Frost says that Jesus was "covenantally tied to Israel in the flesh." According to Frost, this becomes the sole basis for being eligible to receive remission of sins. Let's have that quote again. "God forgave Israel's sins, and through them, the sins of the world." Thus, everyone else must be grafted onto Israel to obtain the benefits of Christ's blood! Was Christ of Jewish flesh? What of it? He was also tied covenantally to every other race of people through the promise to Adam. (Gen. 3:15) That is why Luke traces Jesus' genealogy to Adam, demonstrating that he is the savior of all mankind, not just the Jews. (Lk. 3:38) Frost asserts that salvation of Gentiles resulted from the initial salvation of Israel. But even here he is wrong. On the first Pentecost after Christ's resurrection, the gospel of salvation was first proclaimed. Luke records that there were present in Jerusalem "devout men out of every nation under heaven." (Acts 2:5) Seventeen different nations of people are named by Luke. (vv. 9-11) These were the first to respond to the gospel call to "repent and be baptized" for remission of sins. (Acts 2:38) Frost claims that "the new covenant is made only with Israel." Here is perhaps his most profound error of all. "They are not all Israel which are of Israel: Neither, because they are the seed of Abraham, are they all children: but, but In Isaac shall thy seed be called. That is, They which are the children of the flesh, these are not the children of God: but the children of the promise are counted for the seed." (Rom. 9:6-8) Thus, fleshly Israel is not the Israel of the New Testament, and, in fact, never was. Fleshly Israel was always a type and foreshadow of the true Israel of God; believers are counted for the seed and are the true Israel (Gal. 6:16); it is with them, not fleshly Israel, that the New Testament is made; it is they who have the promises, not fleshly Israel. Fleshly Jews were never the object of God's promised salvation; the promises belonged to "spiritual" Jews, to those who were "Jews" inwardly, in heart, not in flesh. (Rom. 2:28, 29) The whole King/Frost edifice, built upon the erroneous assumption that "Israel" was the Old Testament nation, thus collapses upon itself.
III. King and Frost Remove Christ's Substitutionary Death and Atoning Blood from Gospel by Denying Physical Death is a Penal and Remedial Consequence of Sin and the Fall.
There is a disturbing tendency among some Preterists to deny that physical death was a penal and remedial consequence of the fall. This appears to be a reaction against those who attempt to disprove the resurrection occurred in A.D. 70 by arguing that, because dead-bodies did not rise, therefore the resurrection did not occur. It is as if by denying physical death was any part of man's fall they feel they are strengthening their argument against the physical-body view of the resurrection held by so many futurists. They are wrong. It should be said at the outset that neither King nor Frost expressly deny the substitutionary death or atoning blood of Christ. In fact, both are expressly affirmed.
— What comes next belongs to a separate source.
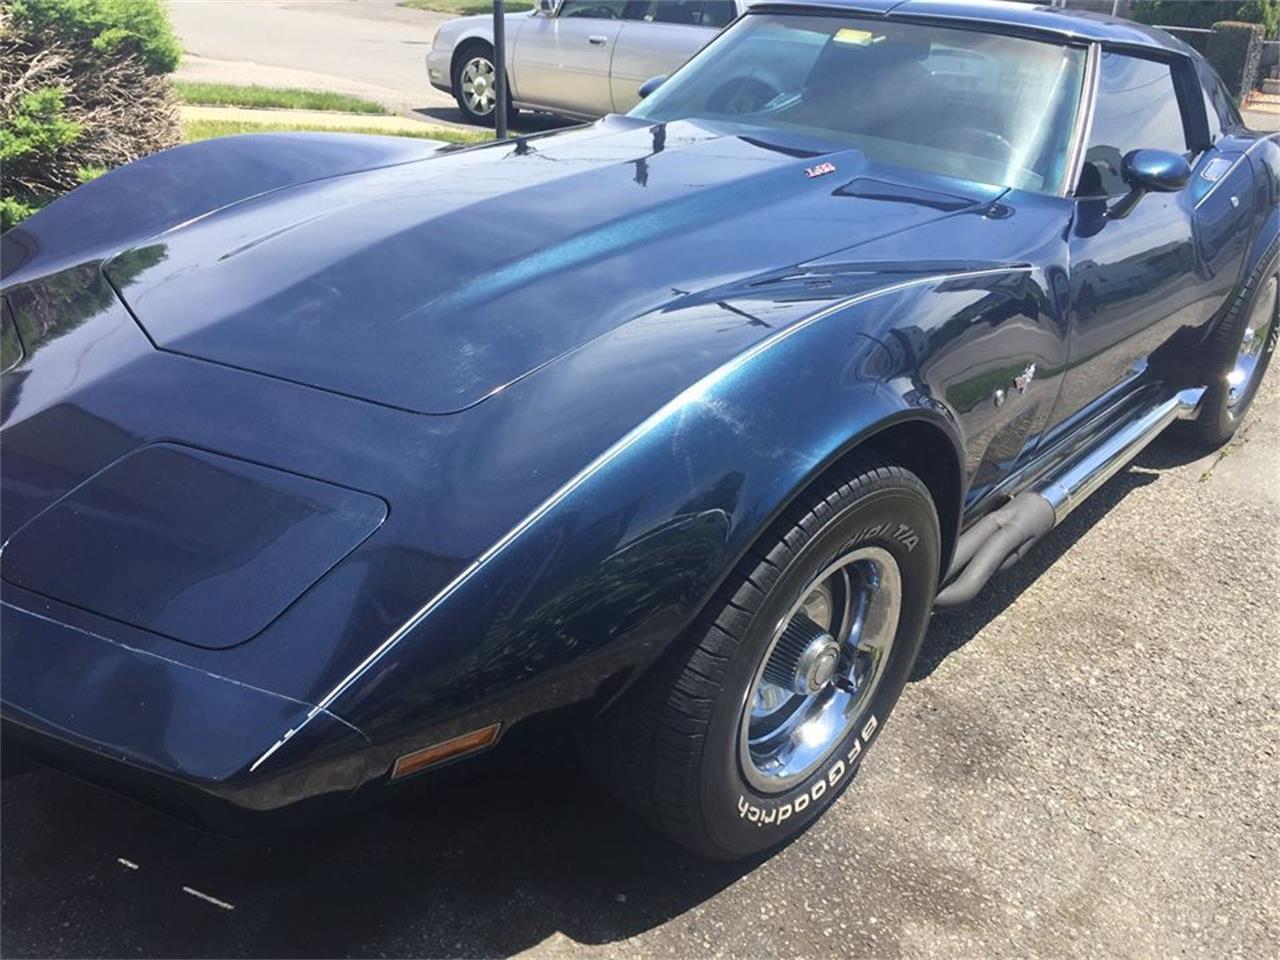 1977 Chevrolet Corvette (CC-1142996) for sale in West Pittston, Pennsylvania

However, as we shall see, denial that physical death was a penal and remedial part of the fall implicitly denies the substitutionary death of Christ; the one flows as a logical consequence from the other. Therefore, it is important that the place of physical death in the fall and redemption be understood and maintained.
God warned Adam "in the day that thou eatest thereof thou shalt surely die." (Gen. 2:17) For both King and Frost this means that Adam would die the very day he ate: "The punishment for such a crime was only one thing: death on the day he ate." However, we believe the better view is that the phrase is an emphatic expression, rather than a literal statement of time. If the law says "in the day you violate the law you will go to prison," we understand that it is not necessary that the offender go to prison the day of his offense. We understand that "in the day" is an emphatic expression pointing to the time of the offense, not the day of punishment, and speaks to the certainty of what will result from breaking the law; that it may take weeks, months, or even years for the offender to be brought to justice is assumed, and in no way viewed as offering a contradiction to the law's warning. In I Kng. 2:37, Solomon warned Shimei "on the day thou goest out, and passest over the brook Kidron, thou shalt know for certain that thou shalt surely die: thy blood shall be upon thine own head." (Cf. v. 42) This is identical language to that used to warn Adam. The narrative goes on and tells us that in fact Shimei did cross the Kidron, traveling to Gath to obtain his run away servants. When word of this reached Solomon, Shimei was arraigned before the king and put to death. (v. 42) Although Solomon used identical language as God used to warn Adam, it is clear that Shimei did not die the day he crossed the Kidron. Days, weeks, perhaps even months elapsed before he was put to death. The physical circumstances of traveling to Gath and back require that this was so.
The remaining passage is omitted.